Streaming completions accumulate assistant text during transmission and store it upon normal completion
All memory operations are best-effort: timeouts, errors, and service unavailability are gracefully handled with fallback to stateless behavior

Code Changes

Memory injection helpers now integrate recalled facts into system prompts
Chat completion endpoints enhanced to recall facts before dispatch and store facts after completion
Streaming pipeline updated to capture assistant text and trigger memory storage upon completion
Configuration system extended with memory-related settings and timeout parsing

Benefits

Improved User Experience: Assistants retain context about user preferences and information across conversations without requiring repetition
Zero Impact on Existing Deployments: Feature is opt-in; existing systems see no changes, no latency impact, and no configuration overhead unless explicitly enabled
Robust Degradation: Memory failures never break chat completions or cause noticeable latency; the gateway operates identically to today's behavior when memory is unavailable
Comprehensive Coverage: Works with both streaming and non-streaming completion paths

Testing

Comprehensive unit and integration tests verify:

Memory helpers correctly inject and extract facts
Best-effort error handling swallows all failure modes without disrupting completions
Configuration timeouts are parsed robustly with sensible fallbacks
Integration tests confirm memory off produces zero memory API calls, while memory on correctly recalls, injects, and stores information

coderabbitai · 2026-06-22T07:08:19Z

Walkthrough

Adds opt-in persistent memory to the gateway's platform-mode chat completions path. A new memory_enabled config flag gates the feature.
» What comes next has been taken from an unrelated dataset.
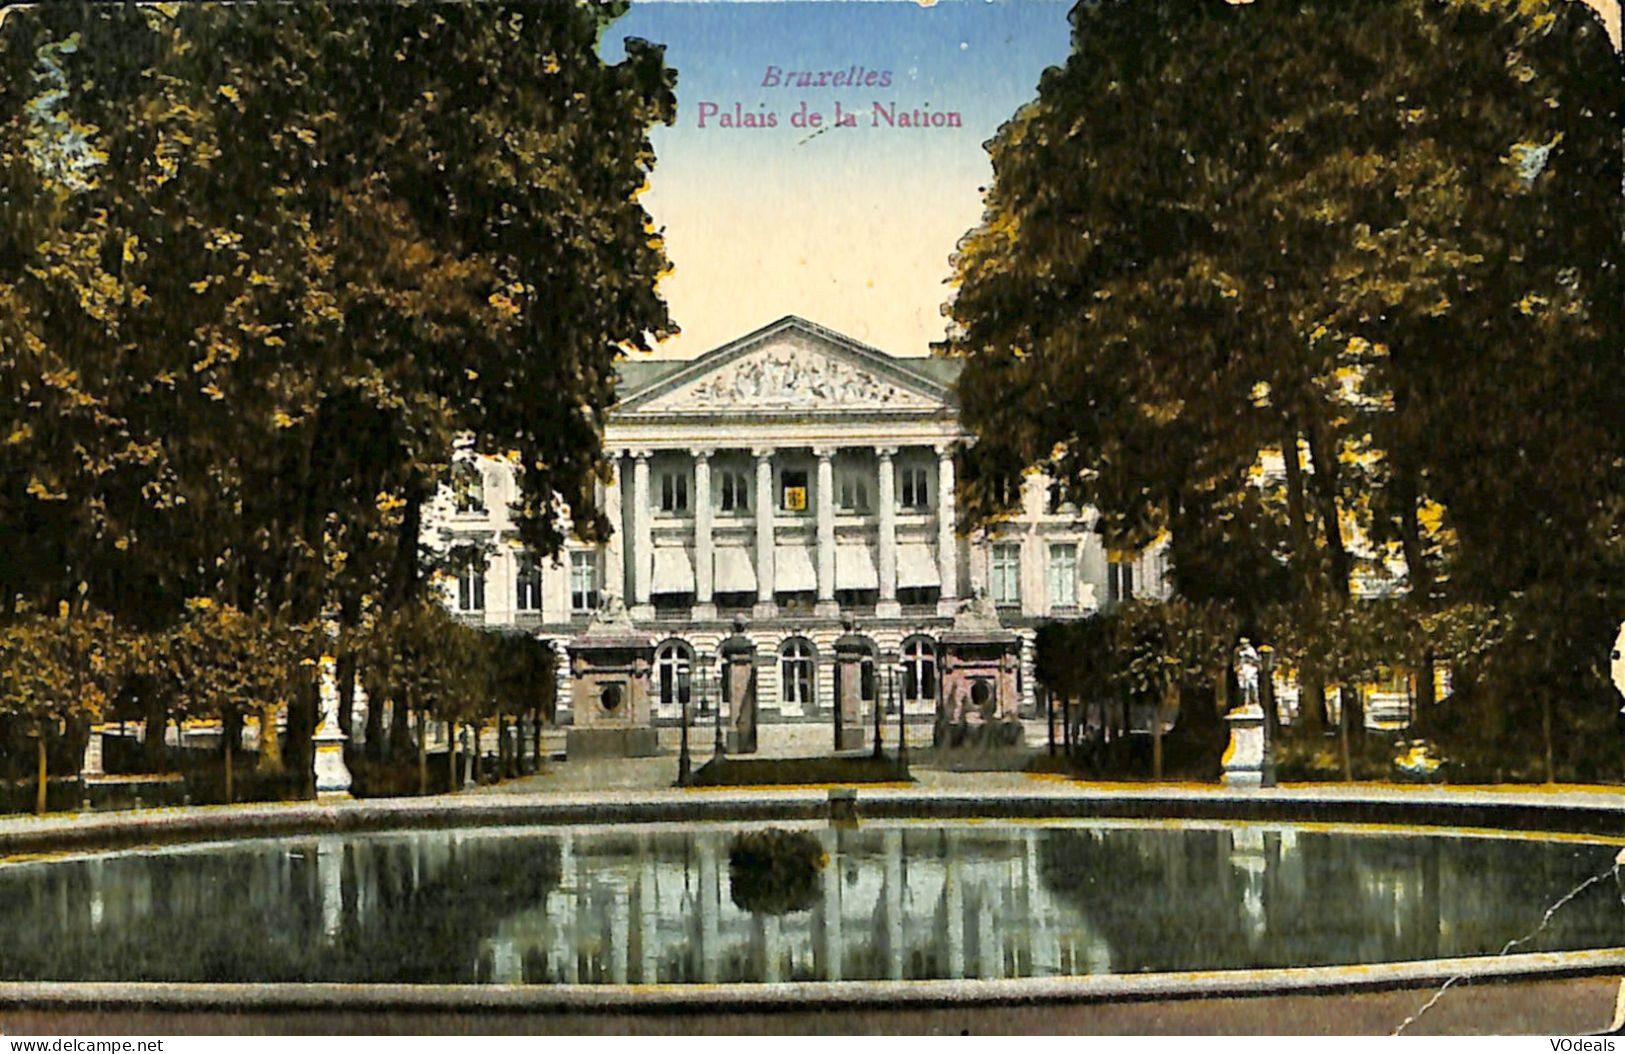 Belgique - Brussel - Bruxelles - Palais De La Nation - Monuments, édifices
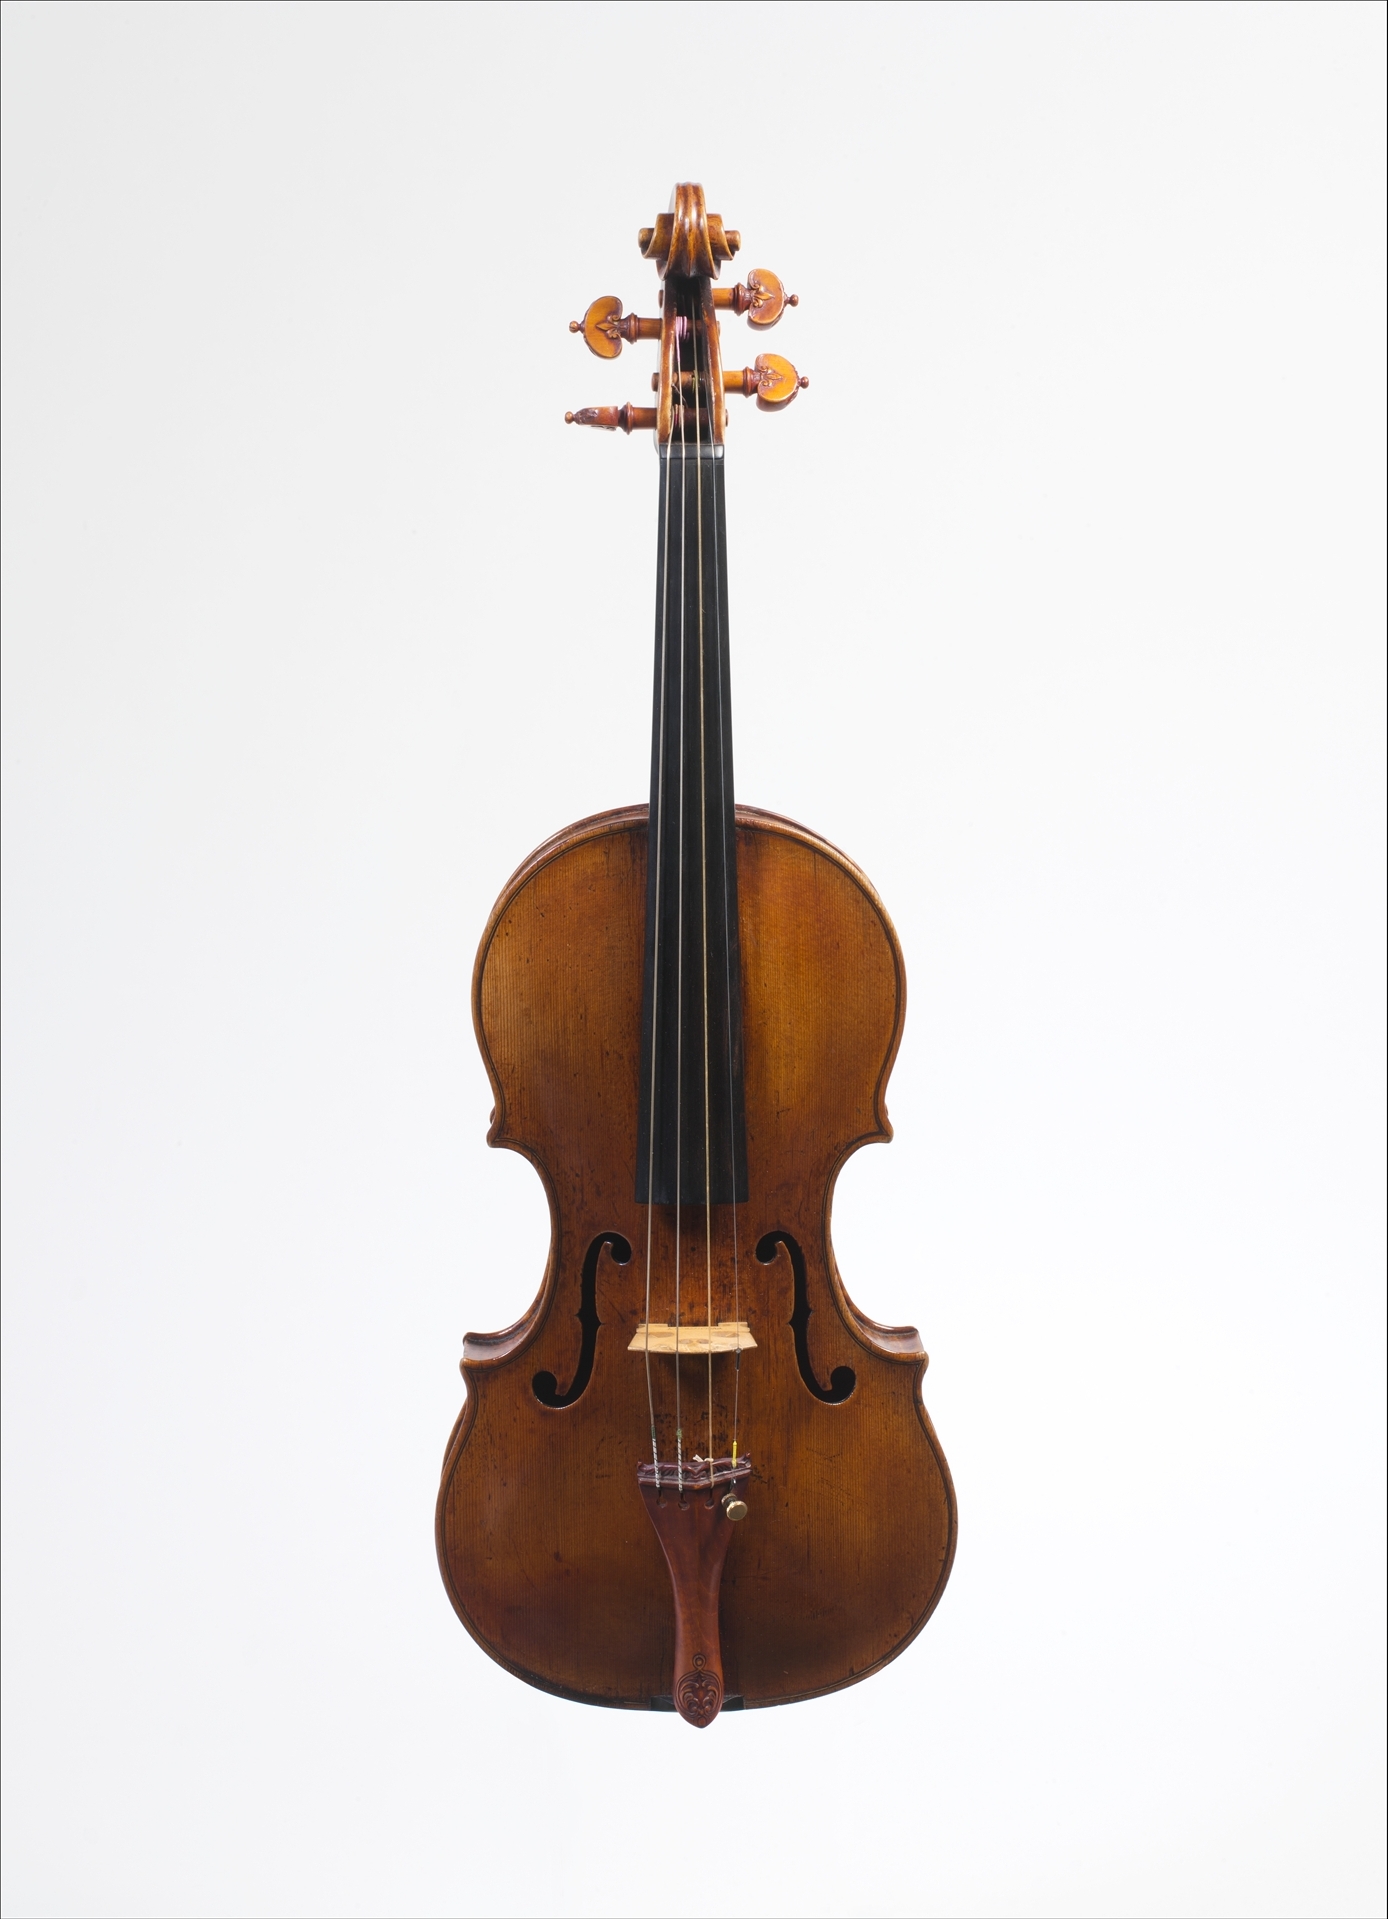 쿠르츠가 사용했던 바이올린(ex "Kurtz" Violin) by Andrea Amati - 1560년경 - 57.4 x 20.2 cm

Message helpers inject recalled facts into prompts and format turns for storage. Two platform API clients handle best-effort recall and remember calls with configurable timeouts. A streaming wrapper captures assistant text across chunks and fires a background persist task on normal completion. Both streaming and non-streaming paths in chat_completions are wired to recall before dispatch and remember after, with comprehensive unit and integration test coverage.

Changes

Platform Memory Integration

Layer / File(s)	Summary
`memory_enabled` configuration and environment overrides `src/gateway/core/config.py`, `tests/integration/test_config_env_loading.py`	Adds `GatewayConfig.memory_enabled` boolean field (`default=False`) as the gateway-level master switch for recall/remember behavior in platform mode. Platform environment variables `PLATFORM_MEMORY_RECALL_TIMEOUT_MS` and `PLATFORM_MEMORY_REMEMBER_TIMEOUT_MS` are parsed as integers and stored for timeout configuration. Integration tests verify both config fields and environment variable loading.
Message manipulation helpers `src/gateway/api/routes/_helpers.py`, `tests/unit/test_memory_inject.py`	Adds `MEMORY_FACTS_HEADER` constant, `inject_memory_facts` (prepends/appends a memory facts block to the message list without mutating the input), and `build_remember_messages` (constructs a minimal user+assistant message pair for storage). Unit tests cover no-op behavior with empty facts, system message creation vs. append, mutation safety, and all combinations of user/assistant text presence.
Platform recall/remember API clients `src/gateway/api/routes/_platform.py`, `tests/unit/test_memory_platform.py`	Adds `_coerce_timeout_ms` helper, `_recall_platform_memory` (POST to `/gateway/memory/recall`, returns filtered `list[str]` or `[]` on any error condition), and `_remember_platform_memory` (fire-and-forget POST to `/gateway/memory/remember`, silently swallows all errors). Unit tests cover successful recalls/remembers, early short-circuit conditions (missing base URL, empty inputs), non-200 responses, timeouts, malformed JSON, and all `httpx` error modes.
Streaming memory-capture wrapper `src/gateway/api/routes/_pipeline.py`, `tests/unit/test_stream_memory_capture.py`	Extends `run_streaming_with_fallback` with `extract_stream_text` and `on_memory_settled` keyword callbacks. Adds `_swallow_memory_task_exception` helper and `_stream_with_memory_capture`, which accumulates extracted text across chunks, yields original chunks unchanged, and schedules the settled callback as a detached background task only on normal stream completion—not on mid-stream `aclose()` disconnection. Unit tests verify pass-through behavior, normal-completion callback invocation, early disconnection (no callback), all-`None` chunks (no callback), exception swallowing, and chunk text extraction rules.
Chat route memory integration `src/gateway/api/routes/chat.py`, `tests/integration/test_platform_mode_chat.py`	Adds three internal helpers (`_schedule_memory_remember`, `_chat_chunk_text`, `_streaming_memory_remember`). Wires recall+inject before dispatch in platform mode (when `config.memory_enabled` and `ctx.platform_mode` are both true), passes capture callbacks into the streaming fallback for streamed completions, and schedules a background persist task after non-streaming completions. All memory operations are best-effort; failures are logged and do not affect completion flow. Integration tests verify memory is disabled by default (no platform memory calls) and that memory-enabled mode correctly recalls, injects, and remembers across streaming and non-streaming paths.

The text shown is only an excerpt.